▶ _Exercise brief_:
Only the stretch below from the line holding "5e453d276 Ugly Boy T Shirt - Catalyst PSM" through the line holding "Forsvarsminister Frank Bakke-Jensen" should be restated, word for word and with both ends included; pictures stay out.

▶ _Material provided_:
----
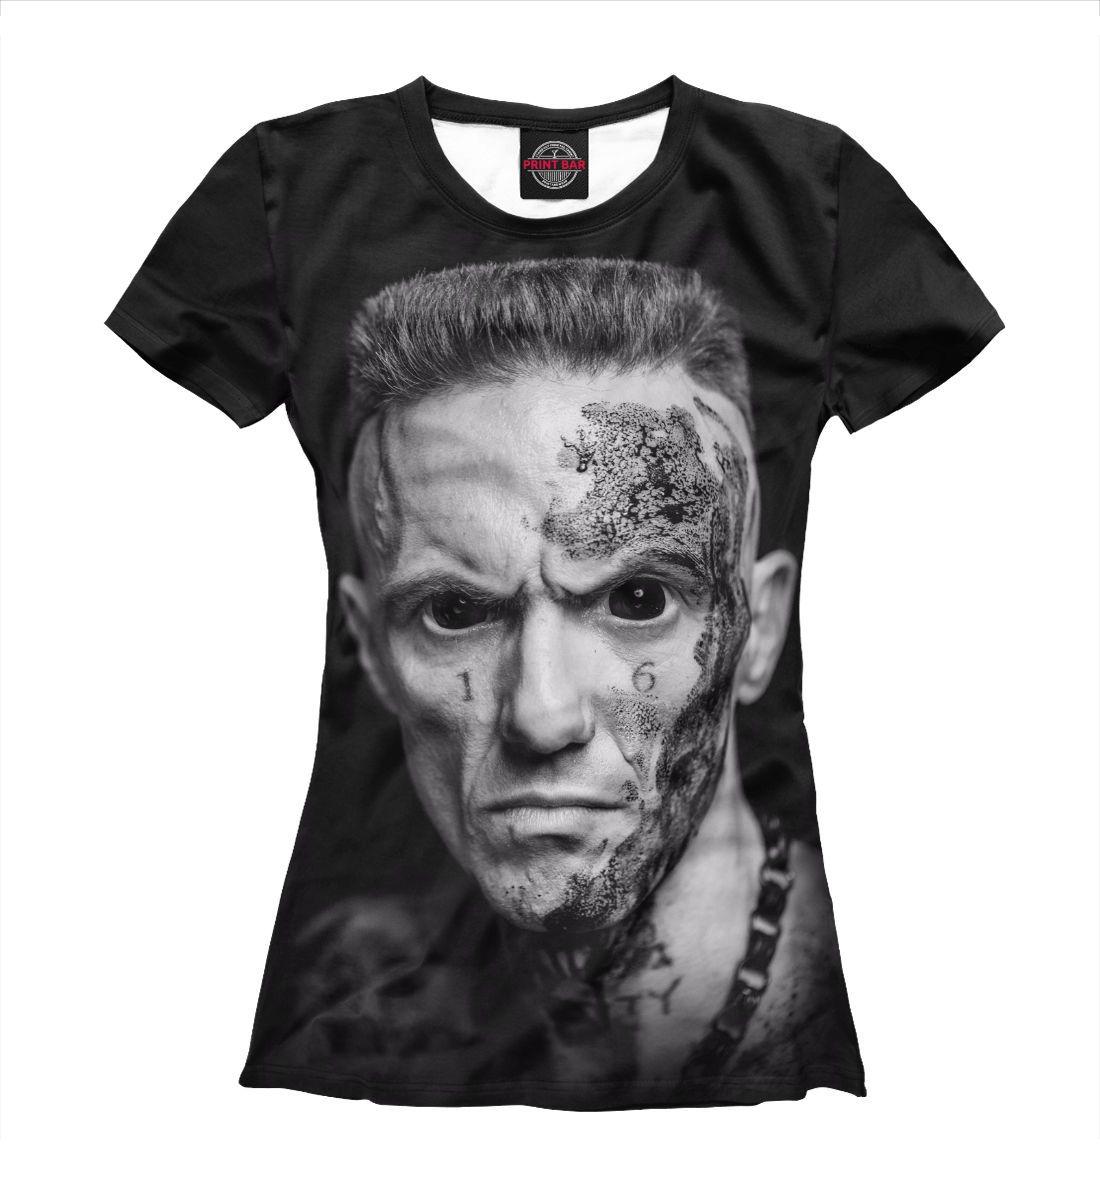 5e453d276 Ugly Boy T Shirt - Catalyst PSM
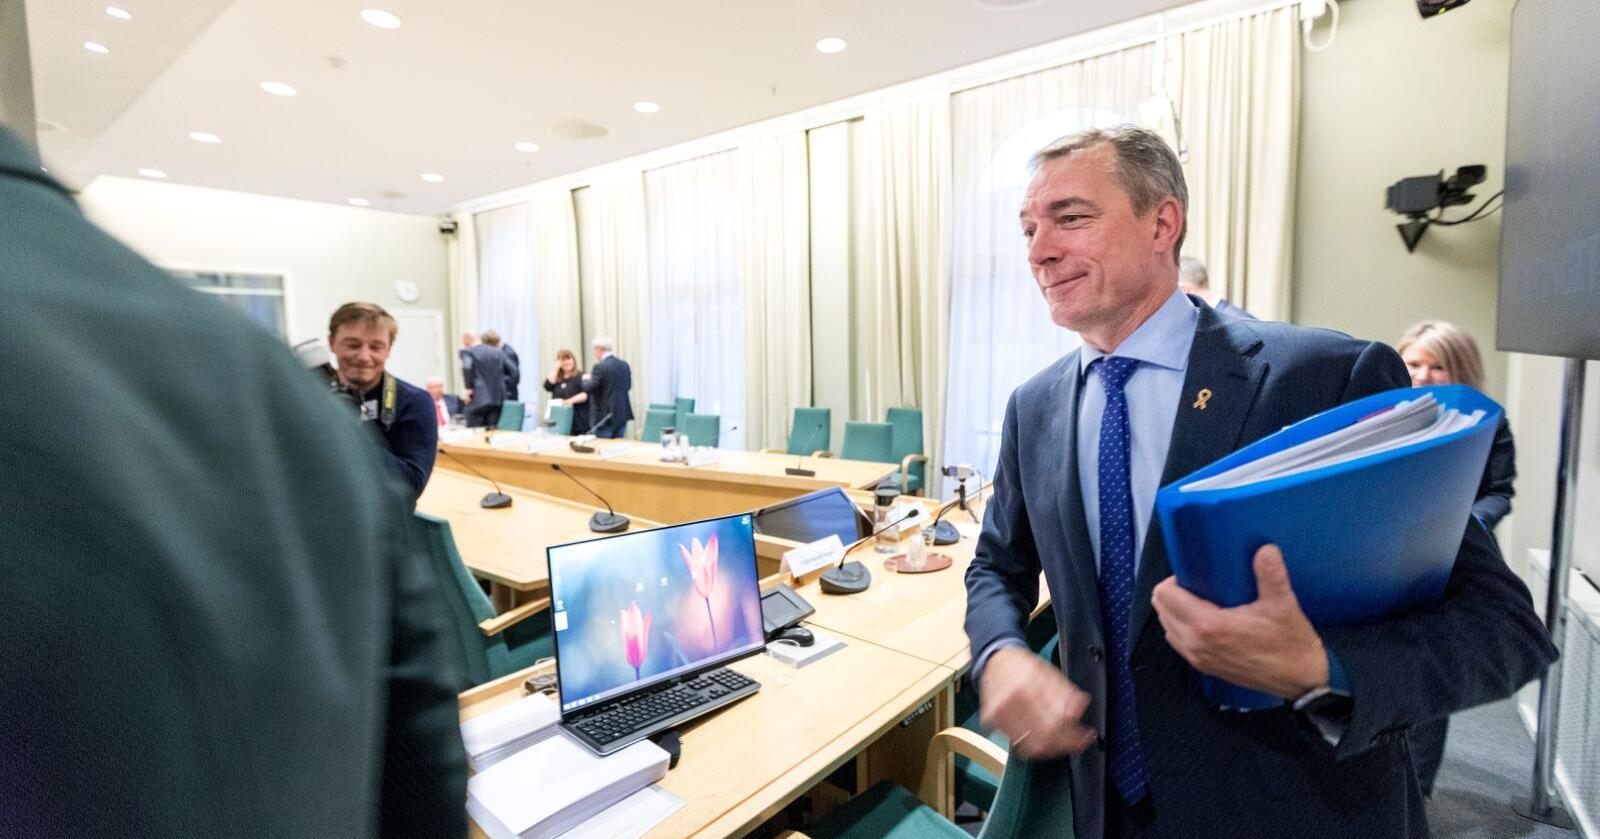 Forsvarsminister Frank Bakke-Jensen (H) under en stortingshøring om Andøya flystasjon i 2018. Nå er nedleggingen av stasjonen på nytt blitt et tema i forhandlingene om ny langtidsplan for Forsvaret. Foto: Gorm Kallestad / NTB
----
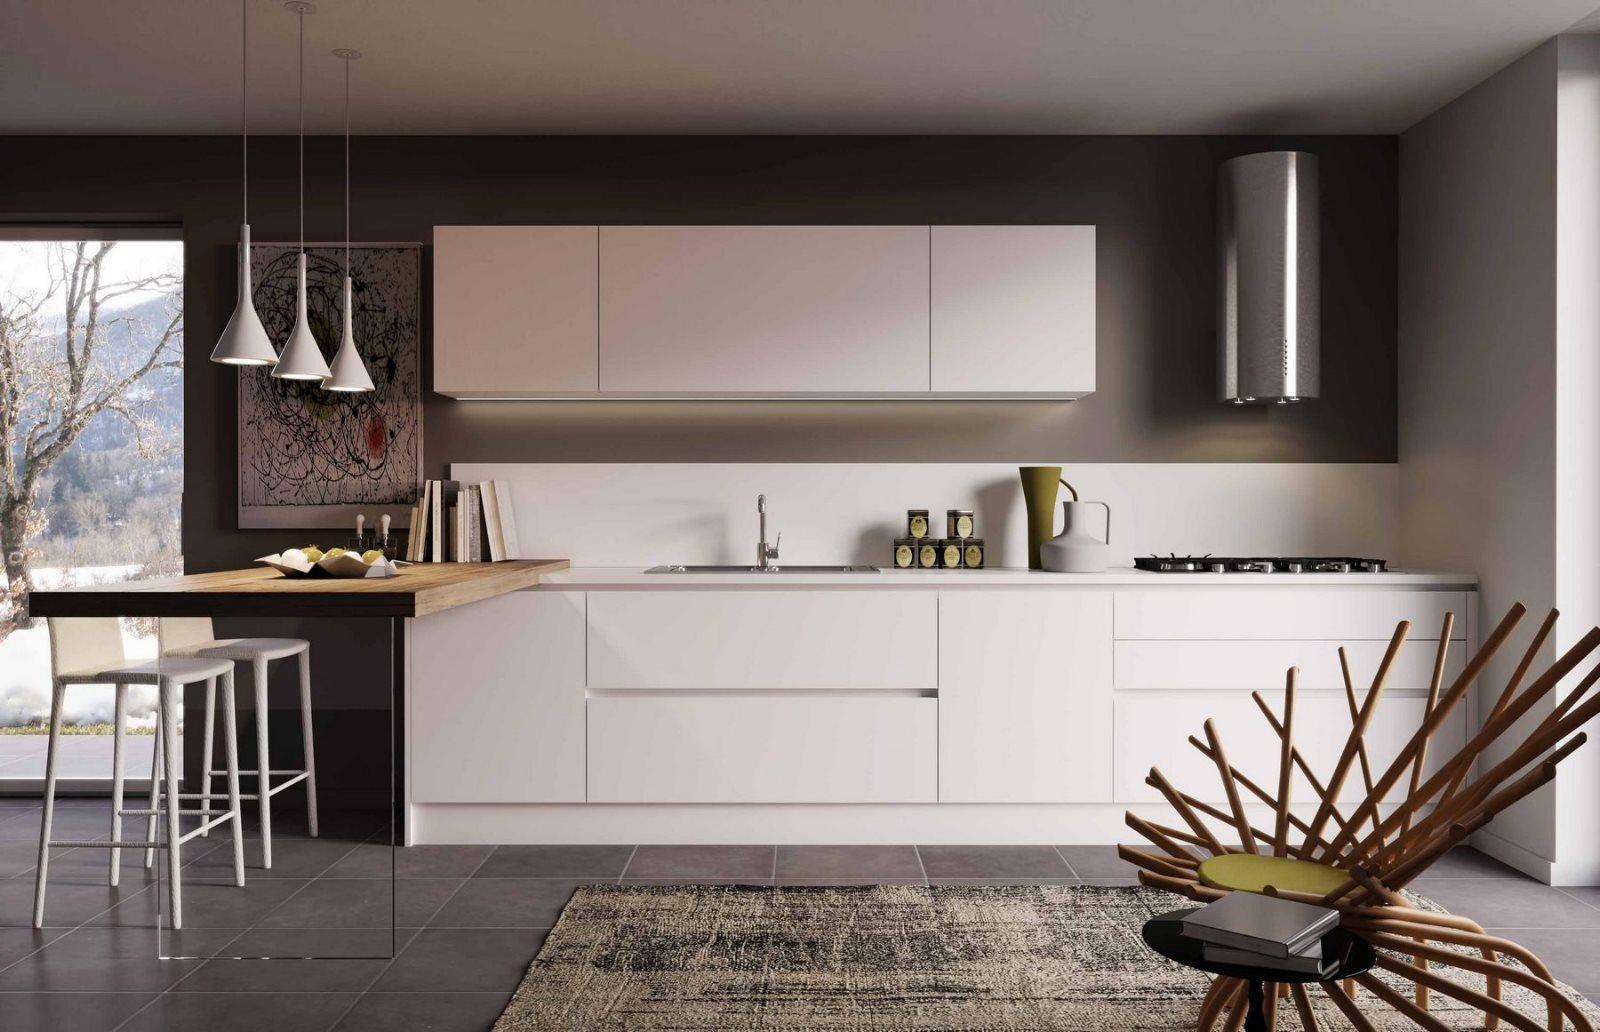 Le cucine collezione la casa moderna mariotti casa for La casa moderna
----
▶ _Exercise solution_:
 5e453d276 Ugly Boy T Shirt - Catalyst PSM
 Forsvarsminister Frank Bakke-Jensen (H) under en stortingshøring om Andøya flystasjon i 2018. Nå er nedleggingen av stasjonen på nytt blitt et tema i forhandlingene om ny langtidsplan for Forsvaret. Foto: Gorm Kallestad / NTB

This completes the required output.